INSTRUCTIONS FOR THE TASK>
The expected output is the line with "Fotografie - Jihočeský" plus all lines after it to the end of the material below, reproduced exactly, with pictures omitted and nothing else included.

DATA BLOCK>
+++
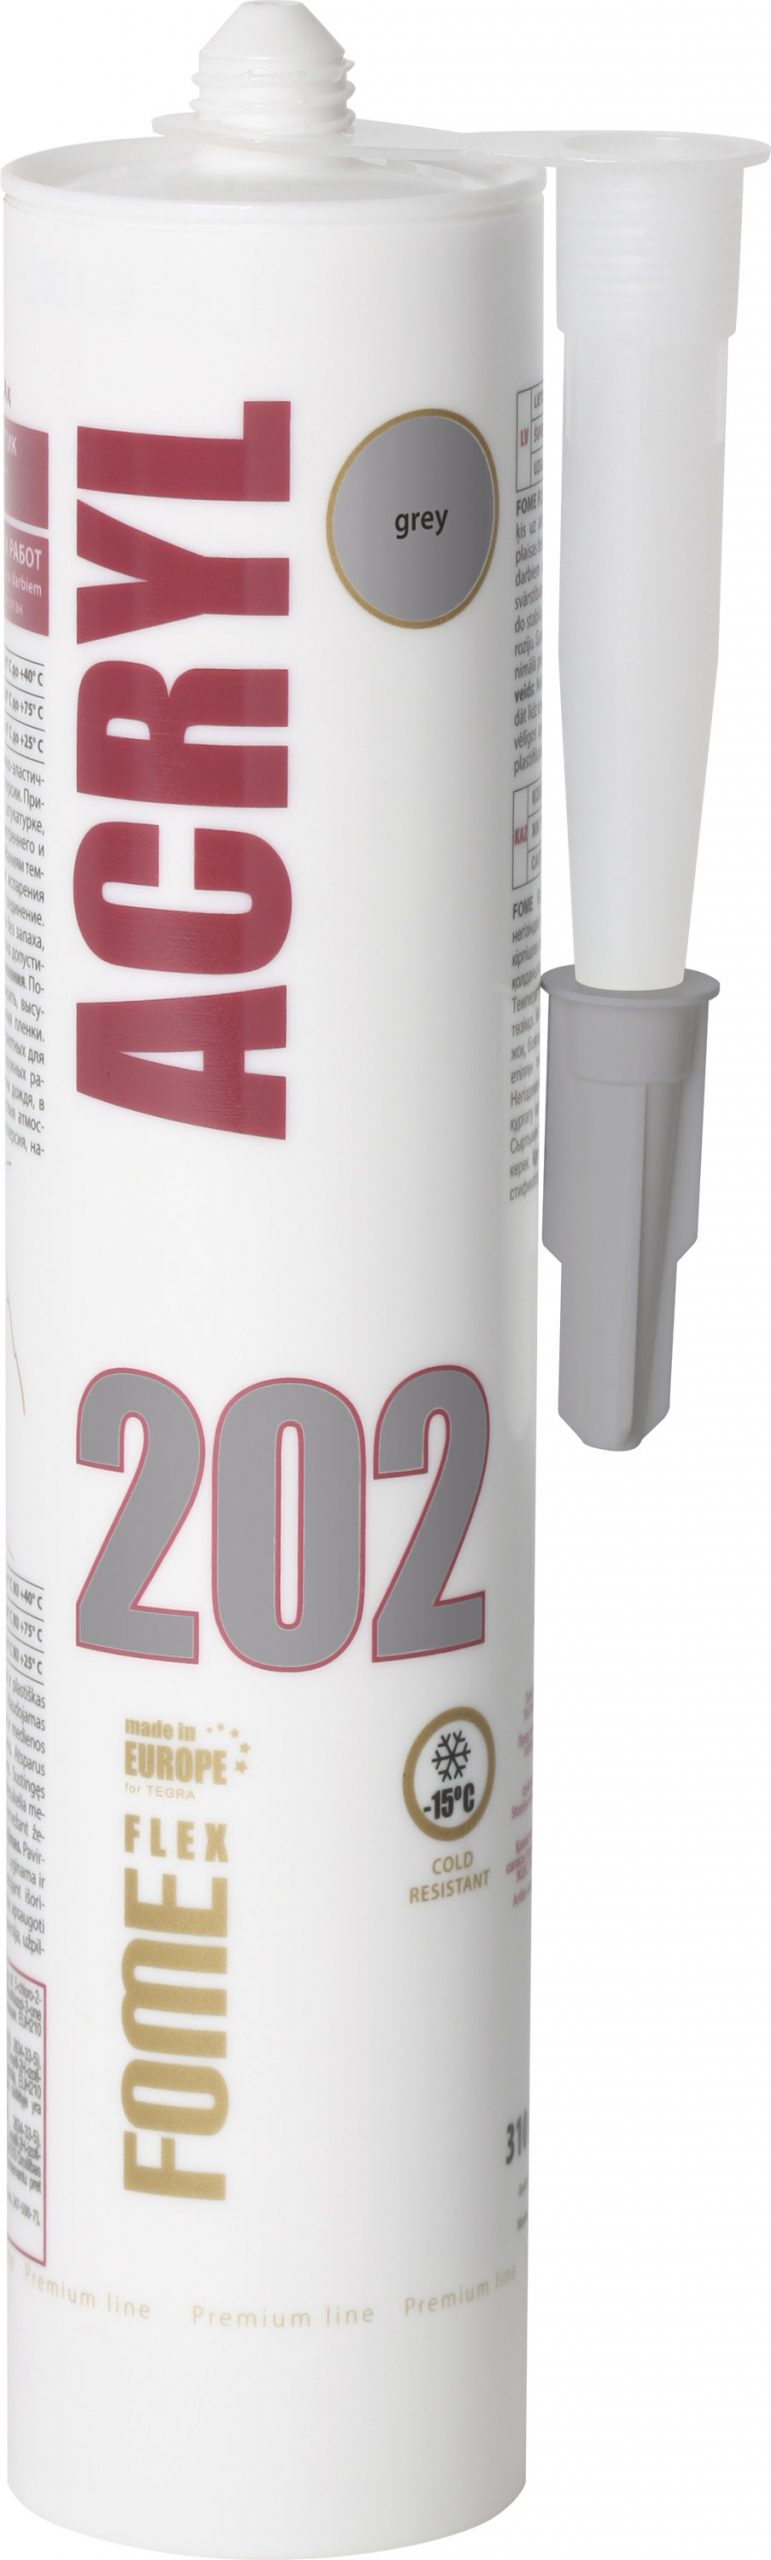 ACRYL 202 acrylic sealant
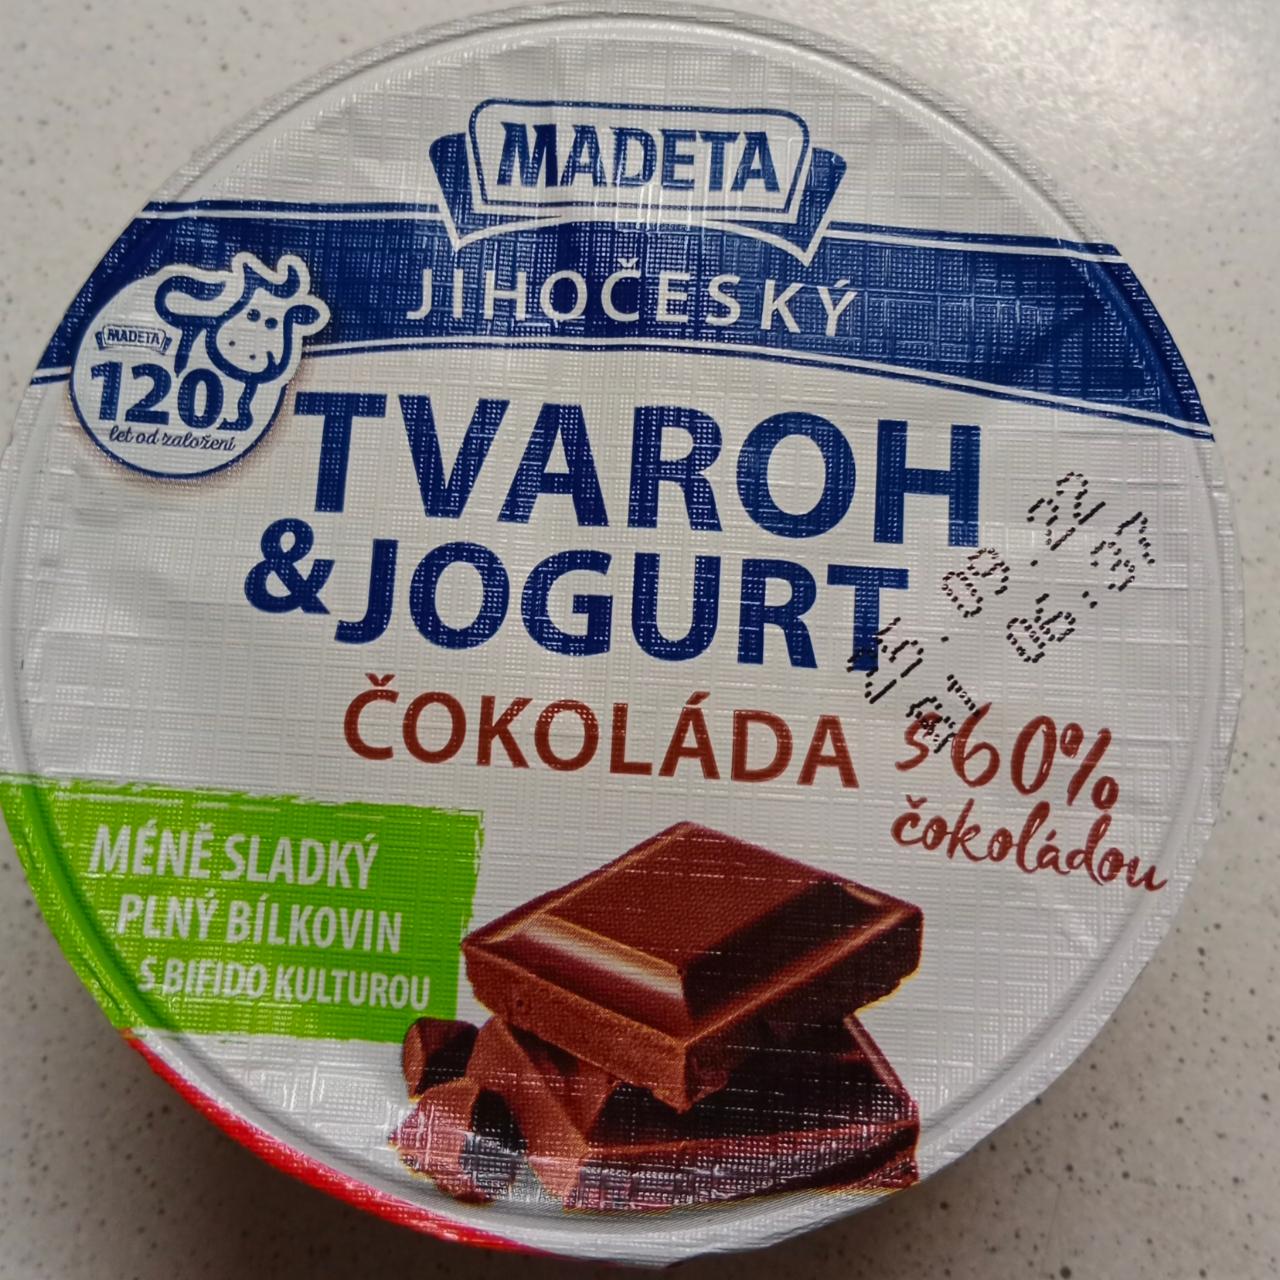 Fotografie - Jihočeský Tvaroh & jogurt čokoláda Madeta
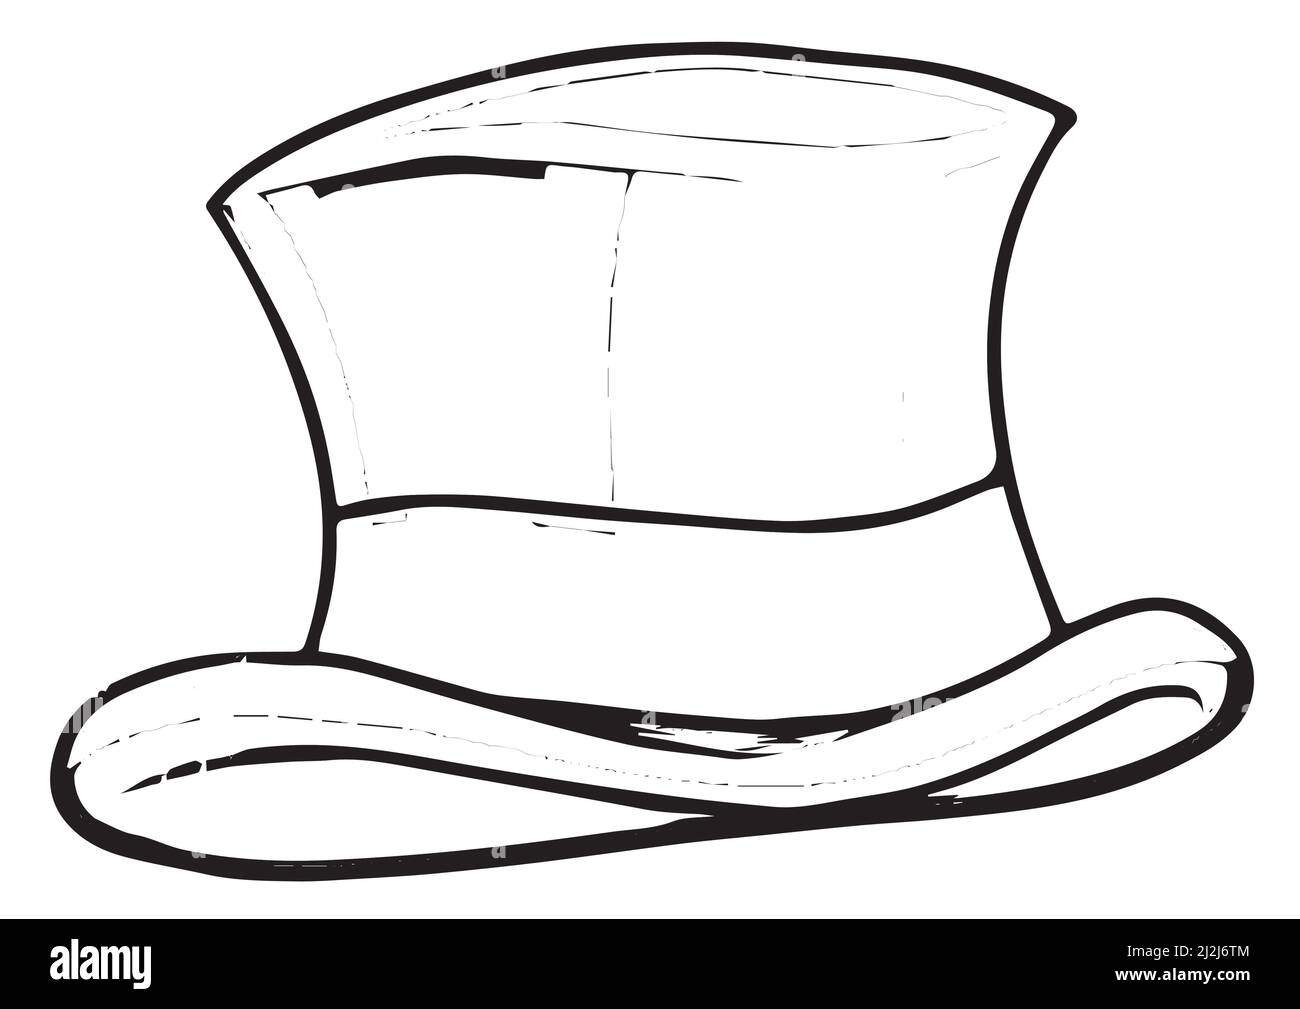 Femme avec chapeau de cowboy Banque d'images détourées - Page 3 - Alamy
+++
EXERCISE OUTPUT>
 Fotografie - Jihočeský Tvaroh & jogurt čokoláda Madeta
 Femme avec chapeau de cowboy Banque d'images détourées - Page 3 - Alamy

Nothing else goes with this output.